Since each covariance matrix contains variables Row , Col1 , Col2 , Col3 , and Col4 for parameters, the EFFECTVAR=ROWCOL option is needed when specifying the COVB= option. The following statements illustrate the use of the MIANALYZE procedure with input PARMS= and COVB(EFFECTVAR=ROWCOL)= data sets:
proc mianalyze parms=mixparms edf=28 covb(effectvar=rowcol)=mixcovb; modeleffects Intercept RunTime RunPulse RunTime*RunPulse; run;
Example 45.5. Reading Generalized Linear Model Results from PARMS=, PARMINFO=, and COVB= Data Sets
This example creates data sets containing parameter estimates and corresponding covariance matrices computed by a generalized linear model analysis for a set of imputed data sets. These estimates are then combined to generate valid statistical inferences about the model parameters.

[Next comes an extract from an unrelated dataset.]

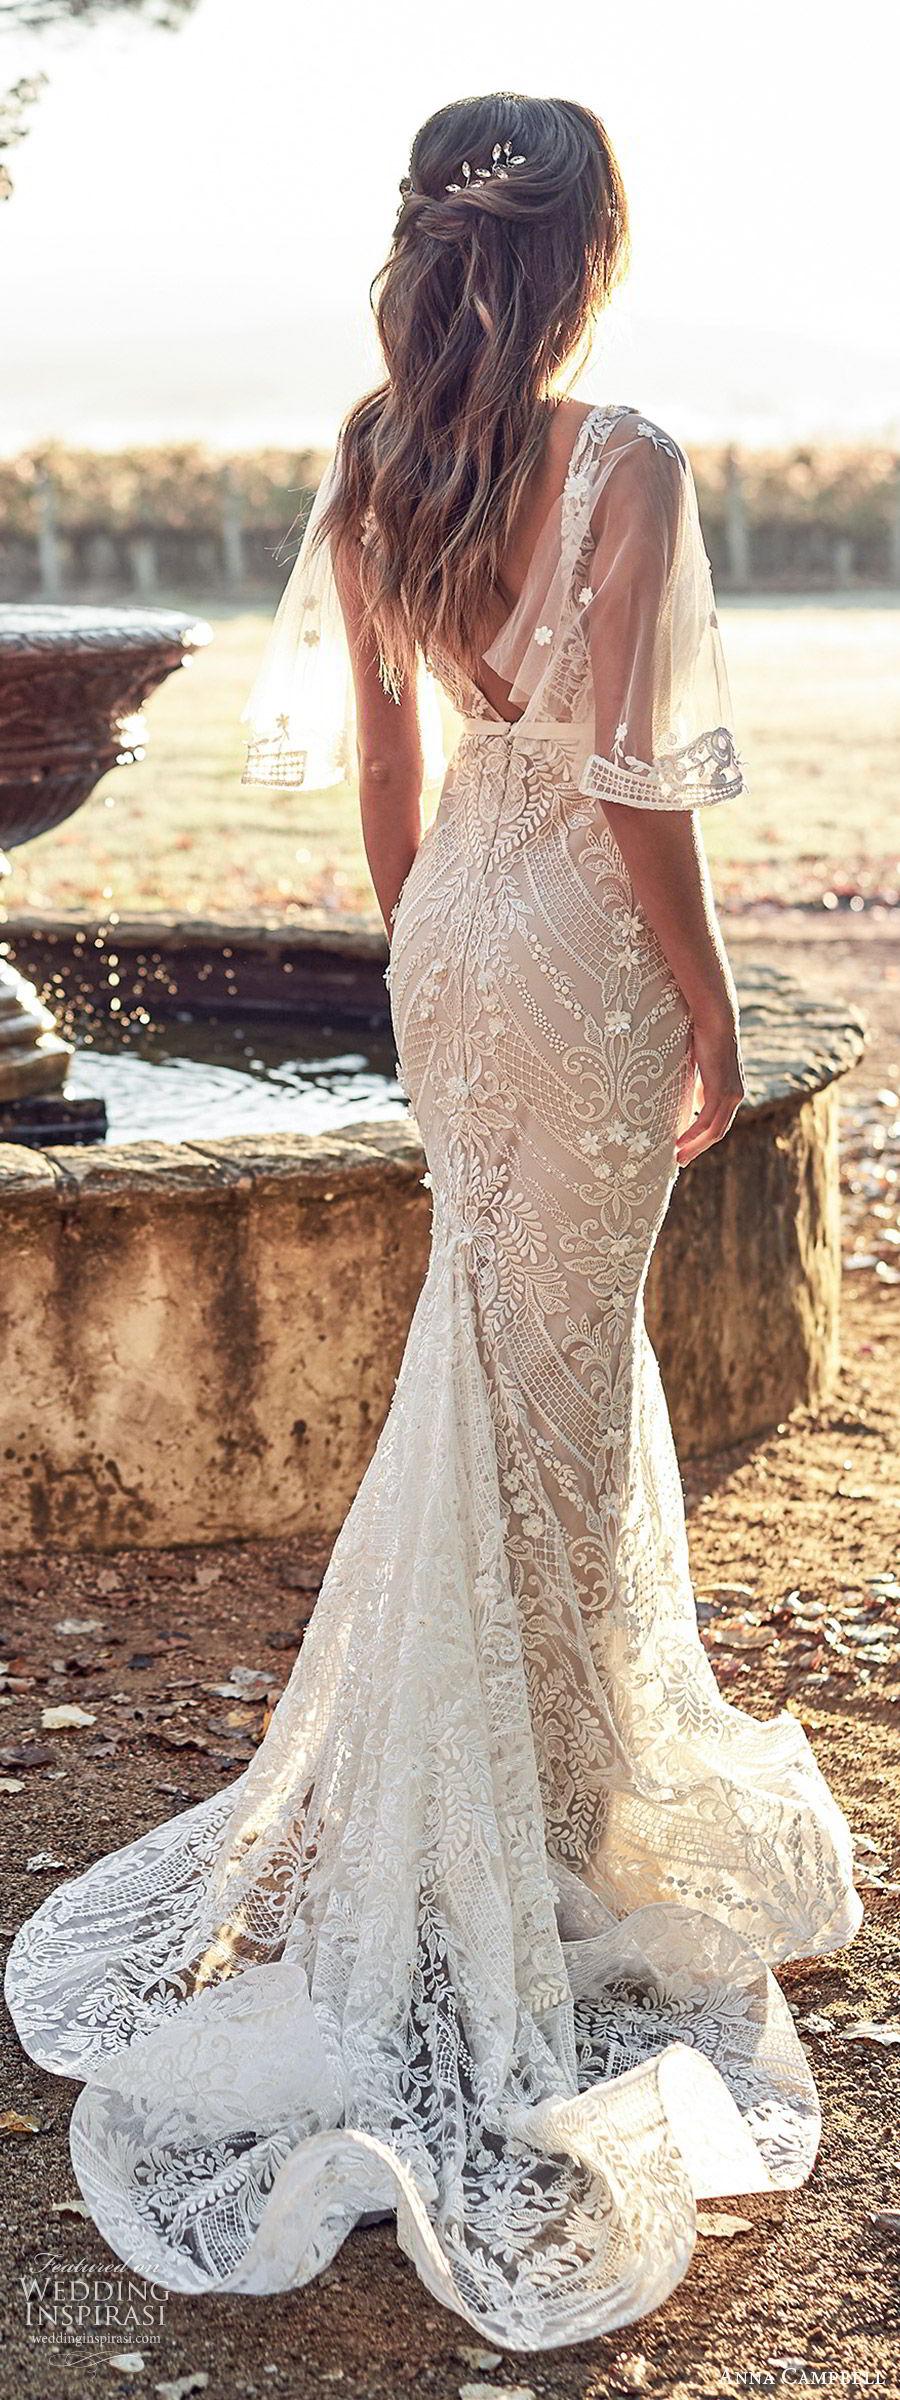 anna campbell 2020 bridal illusion flutter sleees sleeveless thick straps deep v neckline fully embellished embroidered lace sheath wedding dress (9) elegant v back chapel train bv

The following statements use PROC GENMOD to generate the parameter estimates and covariance matrix for each imputed data set:
proc genmod data=outmi; model Oxygen= RunTime RunPulse/covb; by _Imputation_; ods output ParameterEstimates=gmparms ParmInfo=gmpinfo CovB=gmcovb; run;
The following statements print parameter estimates and covariance matrix from the first two imputed data sets in Output 45.5.1.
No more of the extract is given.